The problem. Transcribe the listing underneath, keeping each word exact and omitting the images.

Dataset extract.
⁂

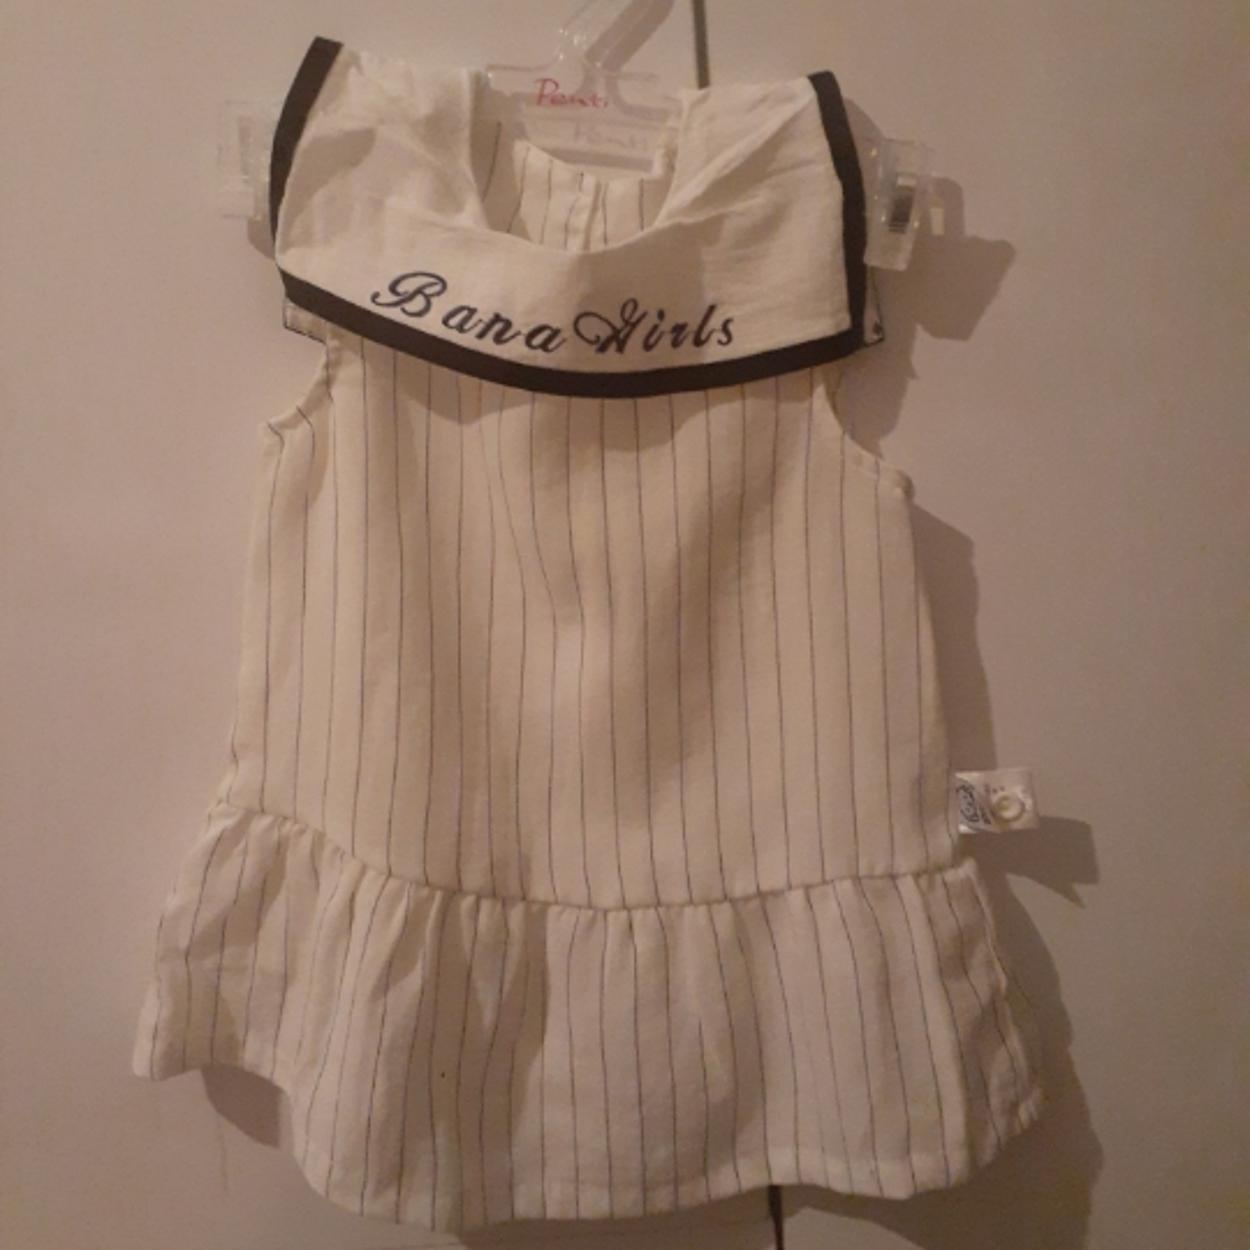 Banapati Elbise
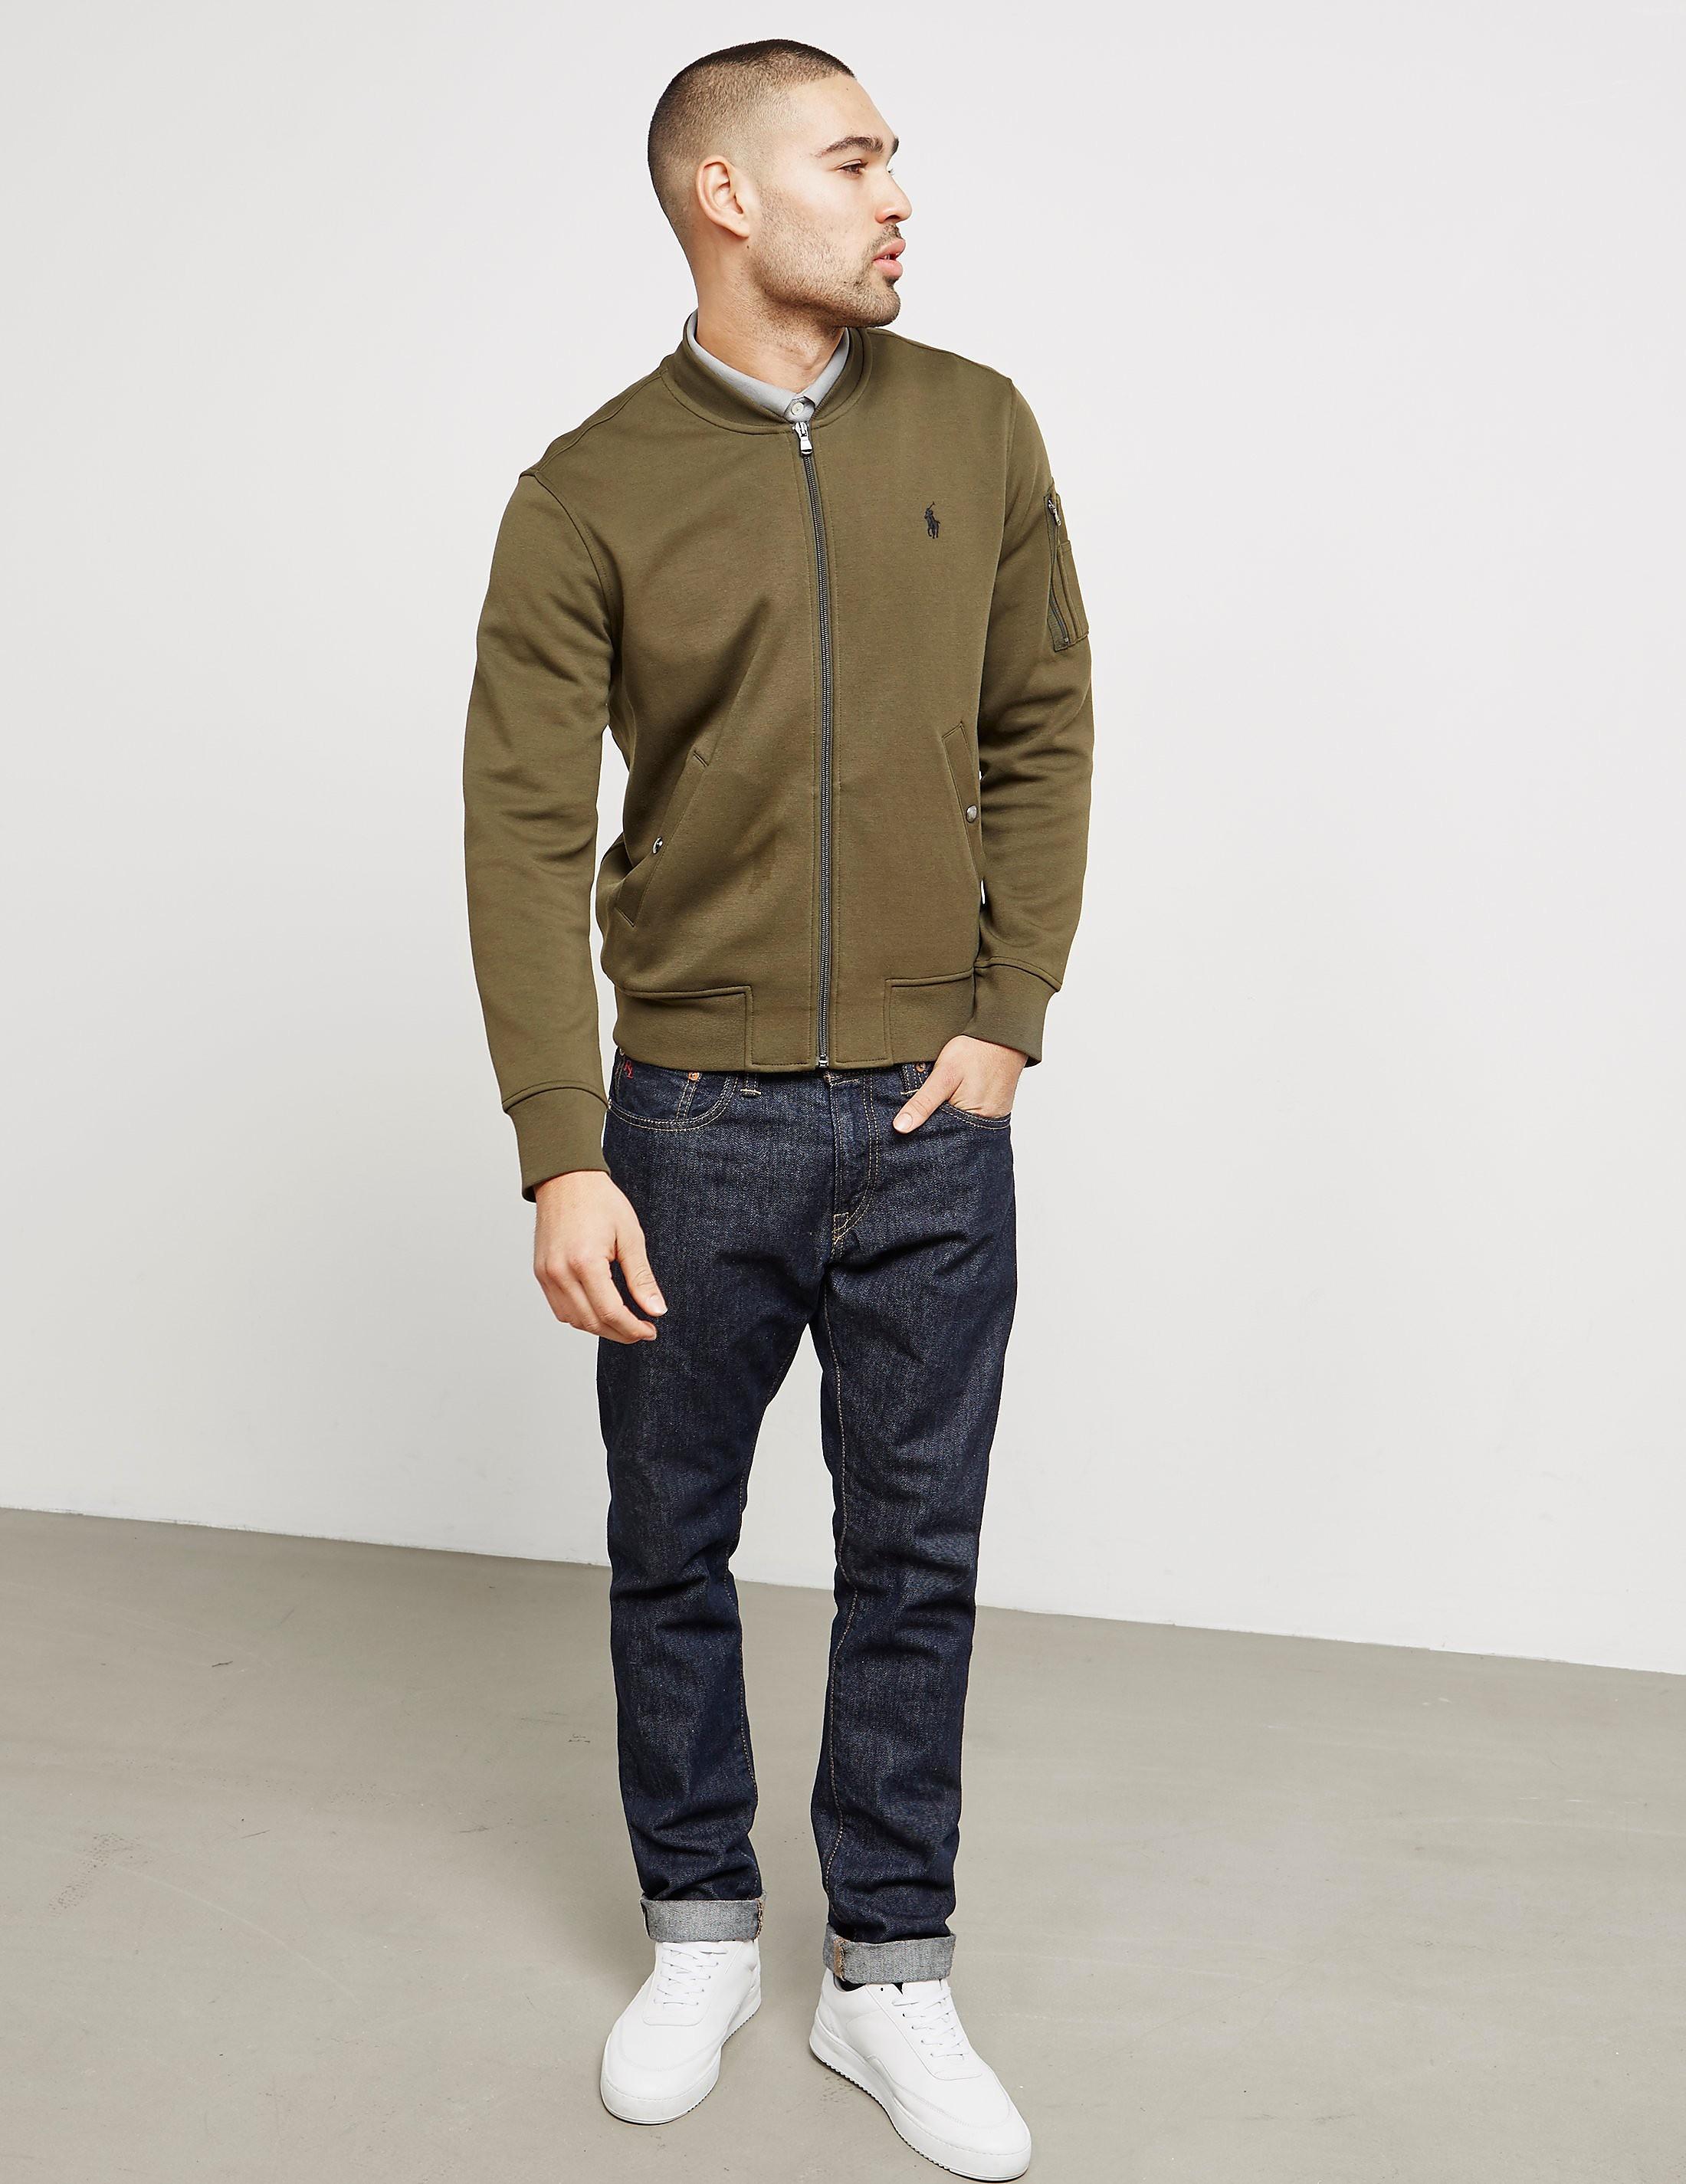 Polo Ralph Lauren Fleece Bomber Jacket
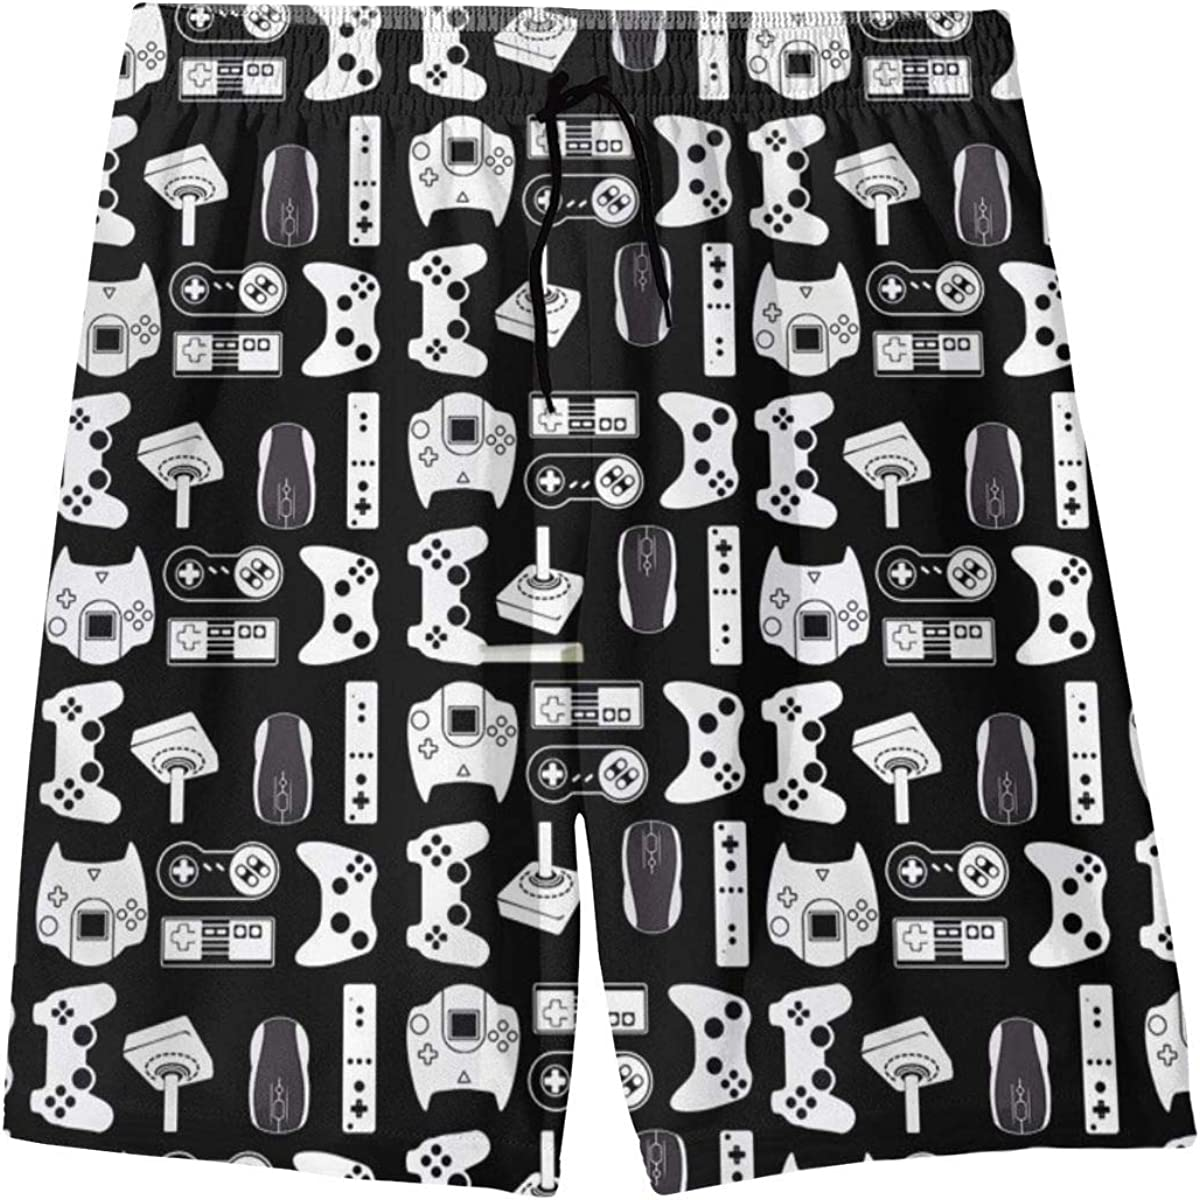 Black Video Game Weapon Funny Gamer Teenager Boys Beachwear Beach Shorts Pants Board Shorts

⁂

Expected answer.
 Banapati Elbise
 Polo Ralph Lauren Fleece Bomber Jacket
 Black Video Game Weapon Funny Gamer Teenager Boys Beachwear Beach Shorts Pants Board Shorts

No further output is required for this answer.